Description
Many of our realms extend CachingUsernamePasswordRealm which maintains a local (per node) cache of users and credentials so that we do not need to do a lookup on the underlying datastore for every request.
This is particularly important when the datastore is external, e.g. an LDAP directory. If the cache was not there we would need to do an LDAP bind (and potentially also group/metadata lookups) for every REST request.
This cache has a per-entry expiry, where an entry is a "user". That means that when the cache entry for a user expires, all authentication requests for that user will lookup the original datasource until the cache is populated again (when the first authentication succeeds).
Additionally, various other factors can cause a cache entry to be evicted (e.g. we invalidate on incorrect password so that we can check for an updated password in the datastore, and there is an API to clear the cache by realm/user).
Consequently, for a single user on a single node, there is a period where we do not make requests to the datastore, and then a short period where we make potentially multiple requests.

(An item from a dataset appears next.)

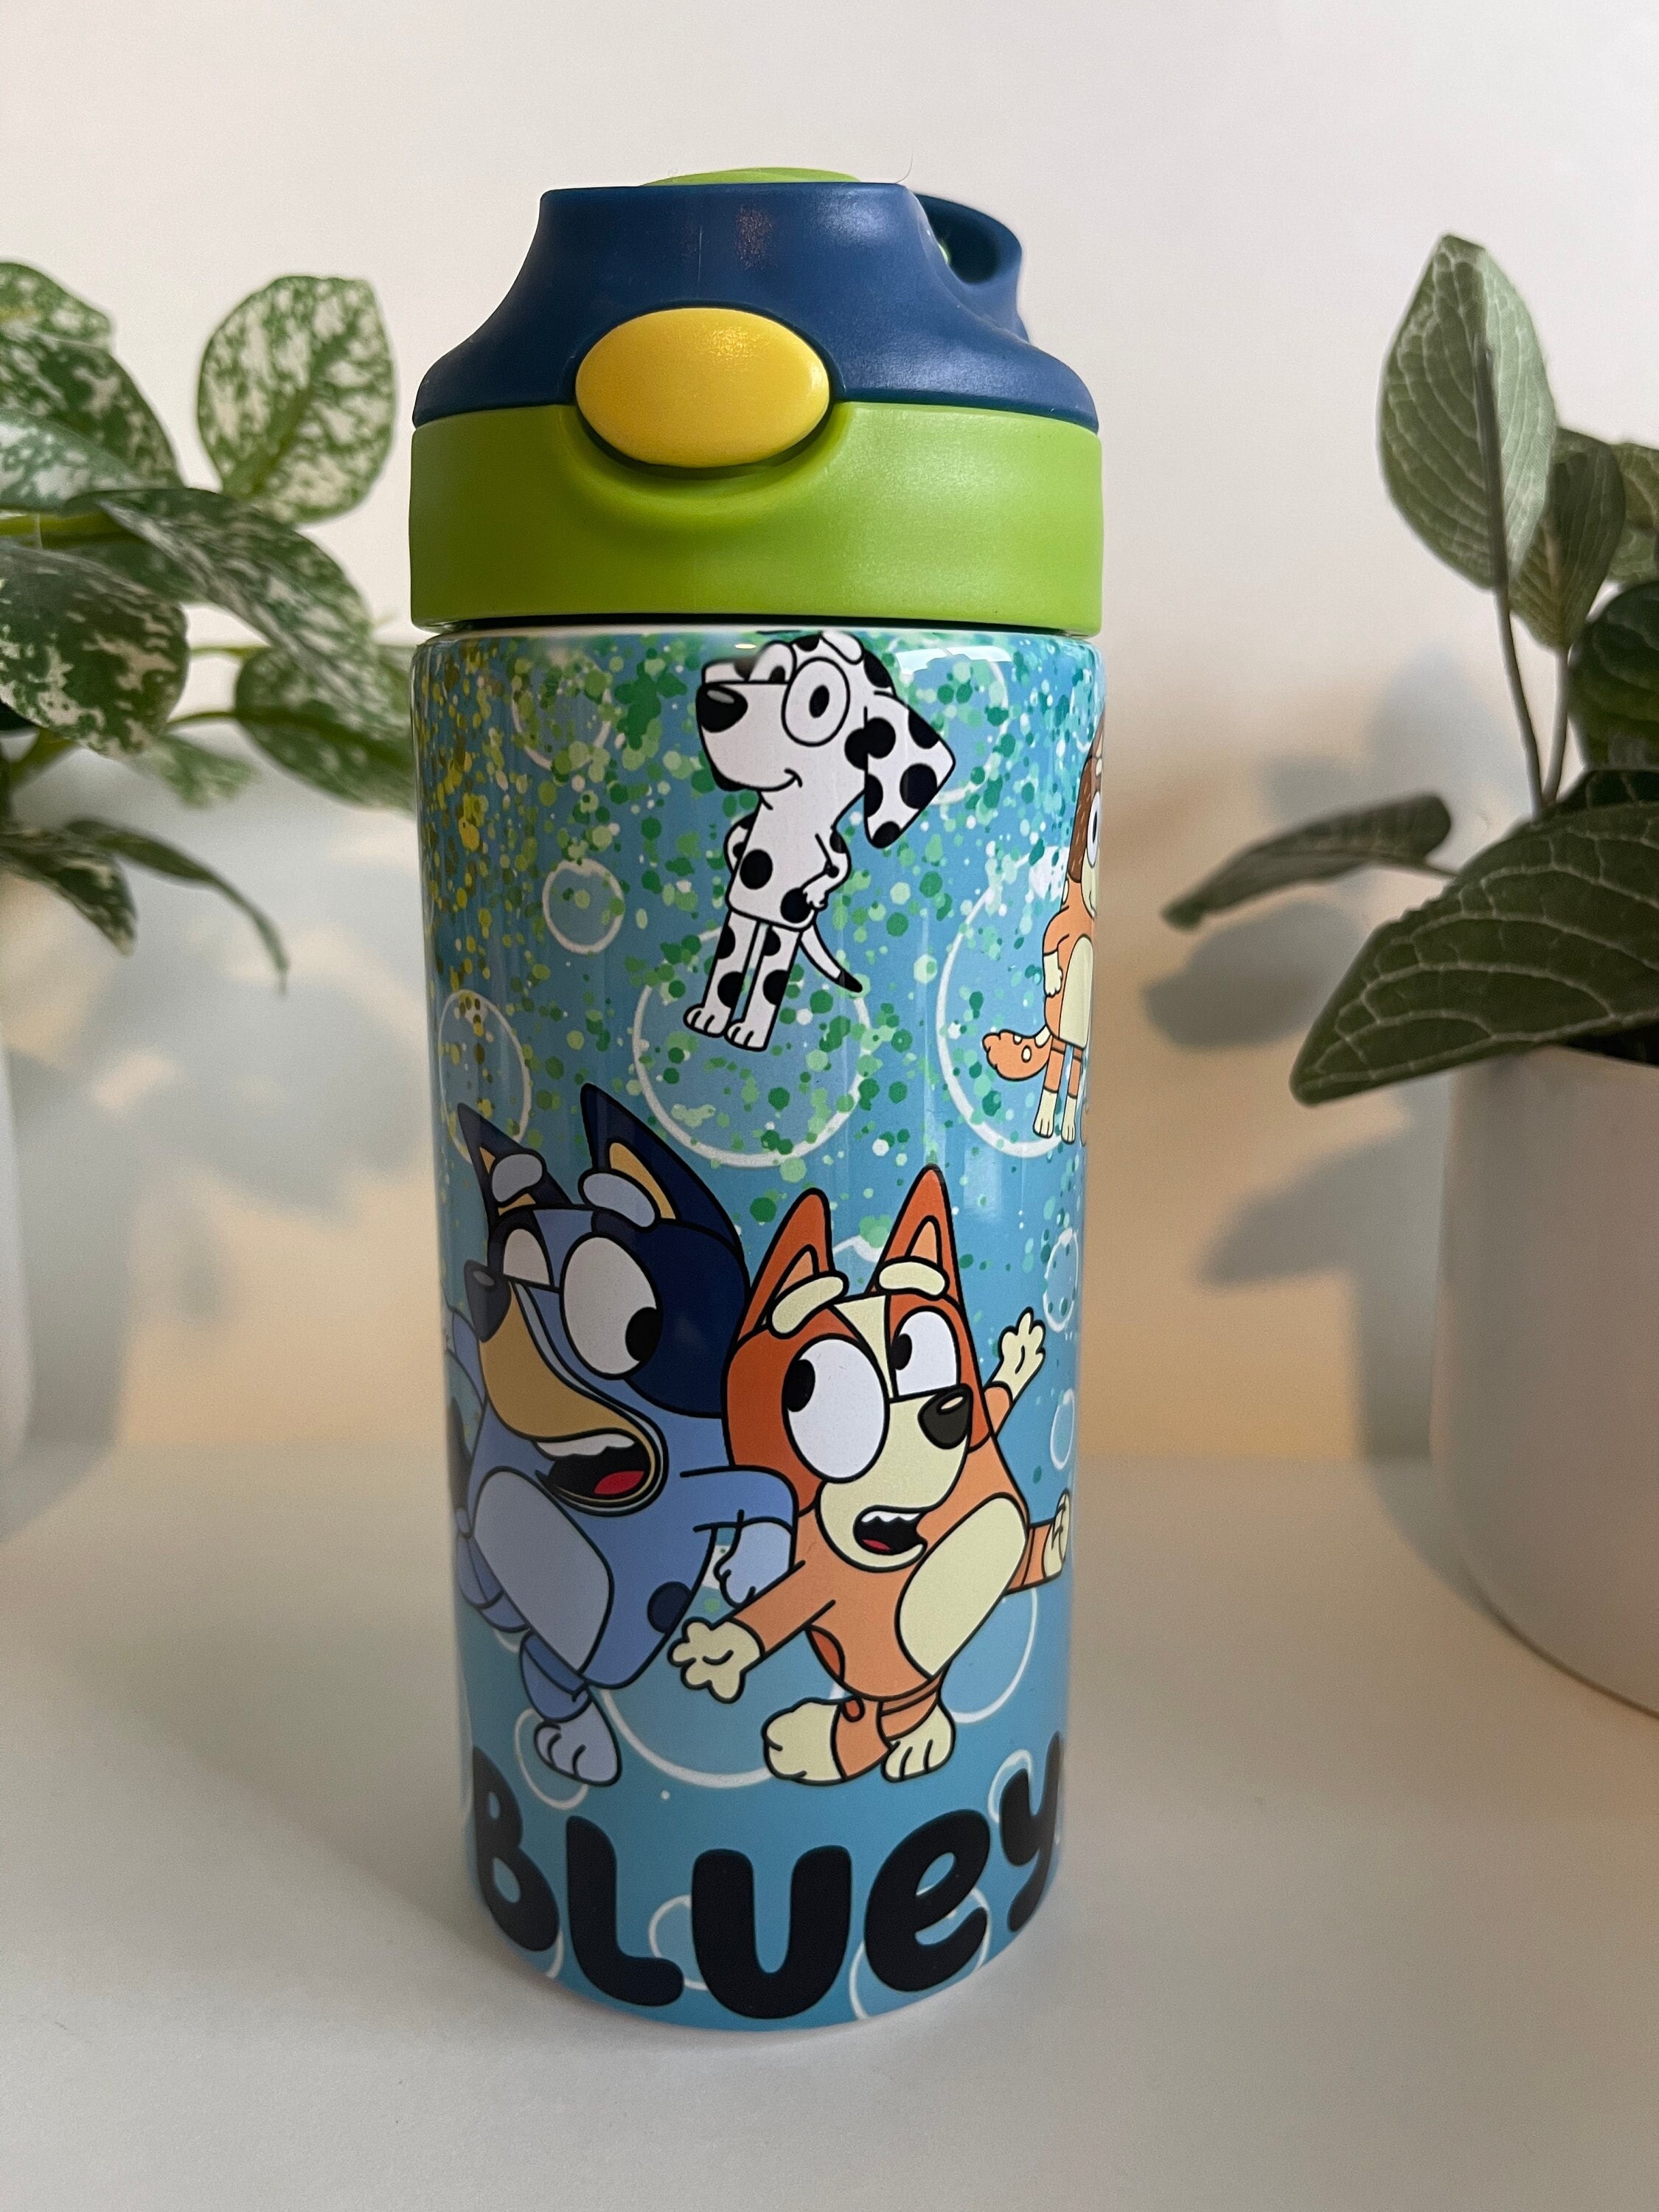 Say hello to this new 12 oz Bluey Sippy Cup and Tumbler Mix! 💙🥤 Perf

e.g. If somone has a number of beats running on various source systems, and those beats connect directly to Elasticsearch using a single user defined in LDAP, then every 30 minutes or so, every one of those beats could trigger an LDAP bind causing cyclic spikes in load on the LDAP server.
This behaviour is problematic, but the solution is not obvious.
-
We can limit the impact of this through connection pooling (and have done so), but this doesn't reduce the total number of requests to the LDAP directory, it just flattens & stretches the spikes as that there are less simultaneous requests, but no change in the total number of requests.
-
We could implement a "cache loader" approach, where only 1 task can be attempting to load a cache entry for a given key. That is, if we find that the cache does not have an entry for a specific user, then we perform a lookup on the original datasource, and any other lookups for that same user will wait for the first lookup to complete.
This sort of concurrency behaviour is difficult to do well and can easily be a source of subtle bugs, particularly as we need the "wait for cache to populate" to be asynchronous. -
An alternative that I have a prototype for, is to simply limit the number of concurrent authentication requests that a single realm can perform simulatenously (with a BlockingQueue to hold pending requests). This limit is global and does not care about the identity of the authenticating user. It sits before the cache, so the first N requests will execute and populate the cache as needed, and then subsequent requests will be released from the queue and find the cache is ready and the relevant user entries are populated.
This works quite well when a realm is authenticating a small number of distinct users, but those users perform multiple simultaneous requests to Elasticsearch. When there are multiple users involved, it can also help, but the result is very similar to using a connection pool.